探究が終わった直後の放電

ところで、真理探究という現象がこの世界から完全に消え去ったとき、真理は実現される。

これについては、原因と結果的にもわかりやすくとてもシンプルだが、

実際にそれが起きてしまうと、

「真理探究という現象は、真理そのものにとってみれば、一度も起きたためしがなかった」ということが、

「それ自身」イコール「それが答え」として、直接的に知られてしまう。

言葉にすると意味不明に聞こえるんだろう、と私も思う。

ところが「絶対意識」というこれまで、私が懸命に求め続け、追い求めた対象が、

まさかそれそのものに反転、転換するとは(目指していたくせに)

それがいざ実際に主体になると、(主体と対象をも超えたものだから主体とも言えないのだが)

・・もう、何のことか本当に分からなかった。

いや、正確に言えば、

混乱や悲壮や激怒やしどろもどろではなく、

すべてが「極めて単純な、不可思議性」であった。

これまでが、いかに複雑だったのか驚くほどだ。

とは言え、理由なき、「おおお!!!」という明瞭な高まりが、堰き止めていたものが溢れ出すように湧き起こるのだ。

そのときナマコ状態の私は忙しかった。

たとえば1分間で驚愕、大爆笑、大号泣、狂った踊り、素、放心、プカプカと大変目まぐるしかったのだ。

面白いことに人前では、まったくそれはおさまり、普通にできるのだ。


でも、近所の駅でやばい瞬間があった。

私は「駅!」「通行人!」「電車!」と、それらがあまりにも驚愕で、おかしくて、いや、まるでありえなくて、とにかく謎の感動が溢れて仕方がなかった。

夜には、「夜!」「星!」「そんなバカな!」といった忙しいものだった。

それは、不可思議でありながら、毎日の暇さや退屈、また肉体の死の恐怖さえをも無効化させてしまう強烈なものだった。

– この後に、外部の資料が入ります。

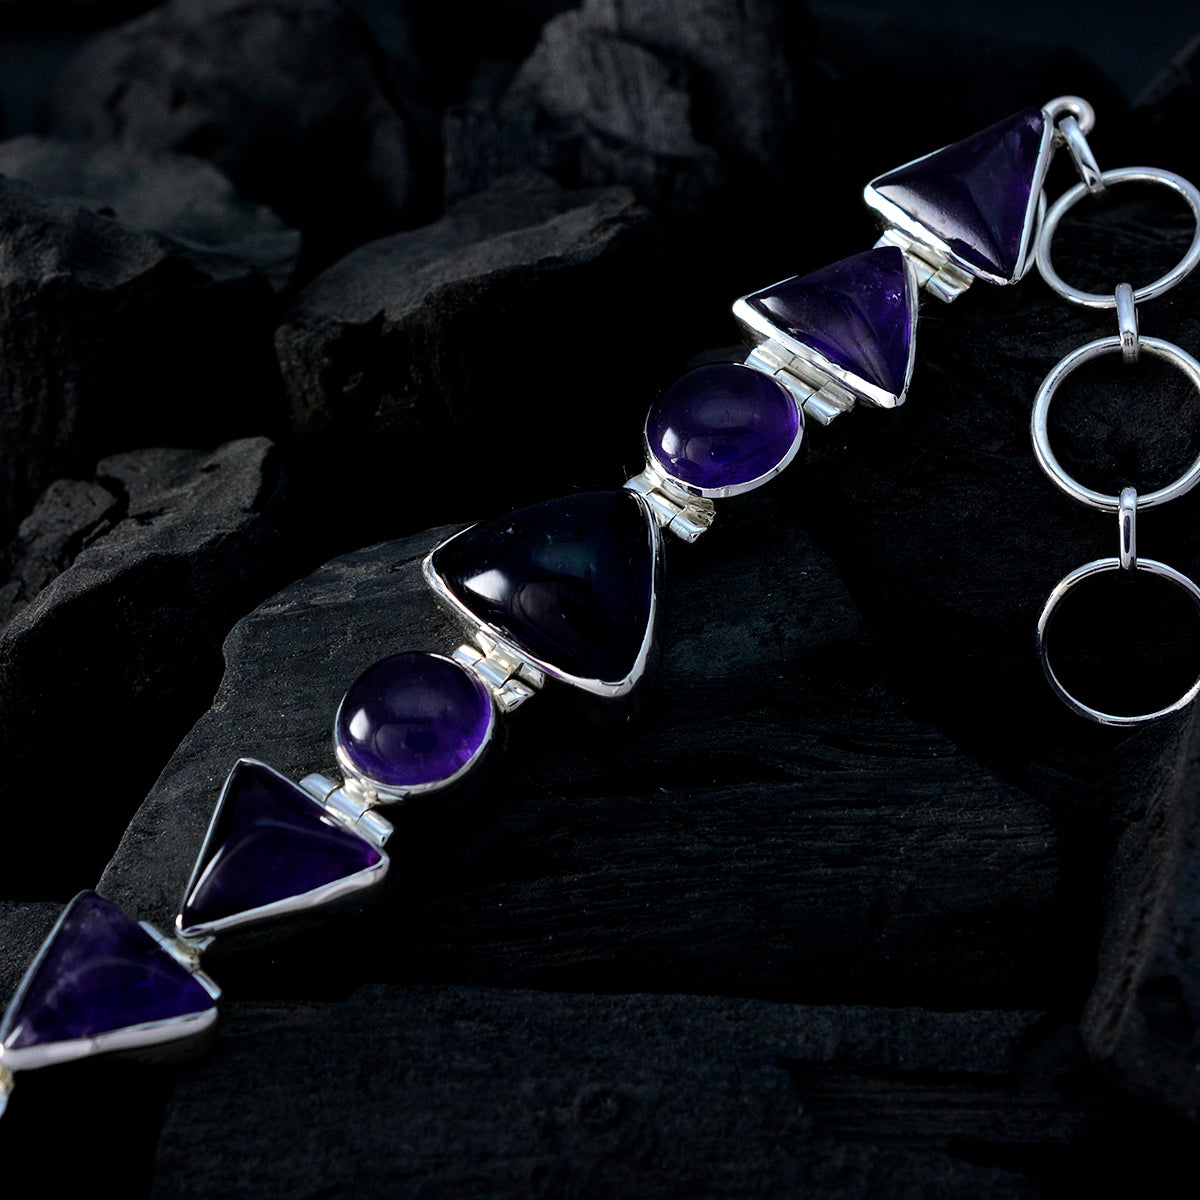 Riyo Real Gemstones Fancy Cabochon Purple Amethyst Silver Bracelet good Friday gift

(もちろん死にたくはないが)

もちろんずっとそうなわけじゃない、それらもまた自然に溶け込み、そして脱力にまた戻る。

だから私はしばらく、まだスパで常駐してた。

私には誰にも邪魔されない、放電の時間が必要だったのだ。

あらゆる無数の記憶、無数の感情、無数の痛み、悲しみがどこまでもこんこんと溢れ続けた。

とはいえ、放電しながらプカプカたゆたってながらも、起こるべきことはただ、適切に、もっと言ってしまうと最適に起きてくるものだ。

すいもあまいも。

私はしょうがないから、世界の好きなようにさせ続けていた。感謝。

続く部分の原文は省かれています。